GoogleCloudPlatform / professional-services-data-validator

Utility to compare data between homogeneous or heterogeneous environments to ensure source and target tables match
Apache License 2.0
385 stars 108 forks source link

Getting MemoryError for bigger tables(numpy.core._exceptions._ArrayMemoryError) #1144

Closed pavannadgoudar closed 1 month ago

pavannadgoudar commented 1 month ago

Table is big so we tried with comparing only 2 columns still we are getting memory error.

Command : data-validation validate row --source-conn MSSQL --target-conn BQ --tables-list = --filter-status fail --primary-keys -comp-fields , --bq-result-handler ..DVT_RESULTS --filters ='2024-01-10'

Error from command : numpy.core._exceptions._ArrayMemoryError : Unable to allocate GiB for an array with shape(,) and data type object

Table Volume : 2.5L records and 216 Columns

nehanene15 commented 1 month ago

Memory constraints can occur for large row validations since each row needs to be brought into memory to compare source and target values.
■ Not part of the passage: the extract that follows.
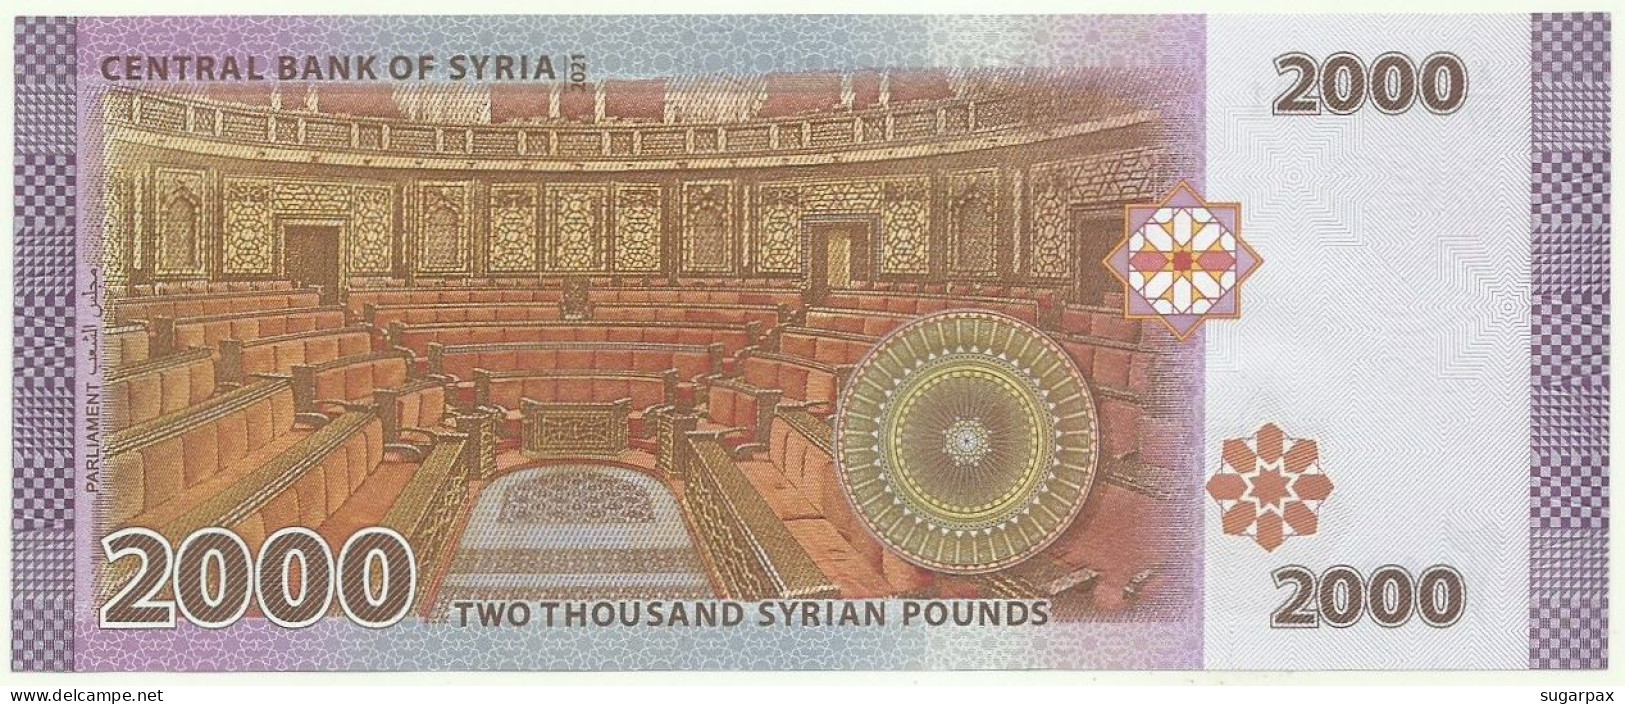 Syria - 3 X 2000 Syrian Pounds - 2021 / AH 1442 - Pick 117.NEW - Unc. - Serie A/57 - 2.000 - Syria

For large tables, you will likely need to use the Scaling DVT approach by generating table partitions and then distributing that (optional).

You can also increase the machine size, but that won't be a feasible fix for very large tables.

pavannadgoudar commented 1 month ago

Thank you very much @nehanene15 . This information is helpful. I think scaling needs an additional infra level changes. We will initiate this discussion to check feasibility on GKE/Cloud Run Jobs.

nehanene15 commented 1 month ago

Sounds good. I will close this issue and feel free to open another if you encounter a bug when using the Cloud Run approach.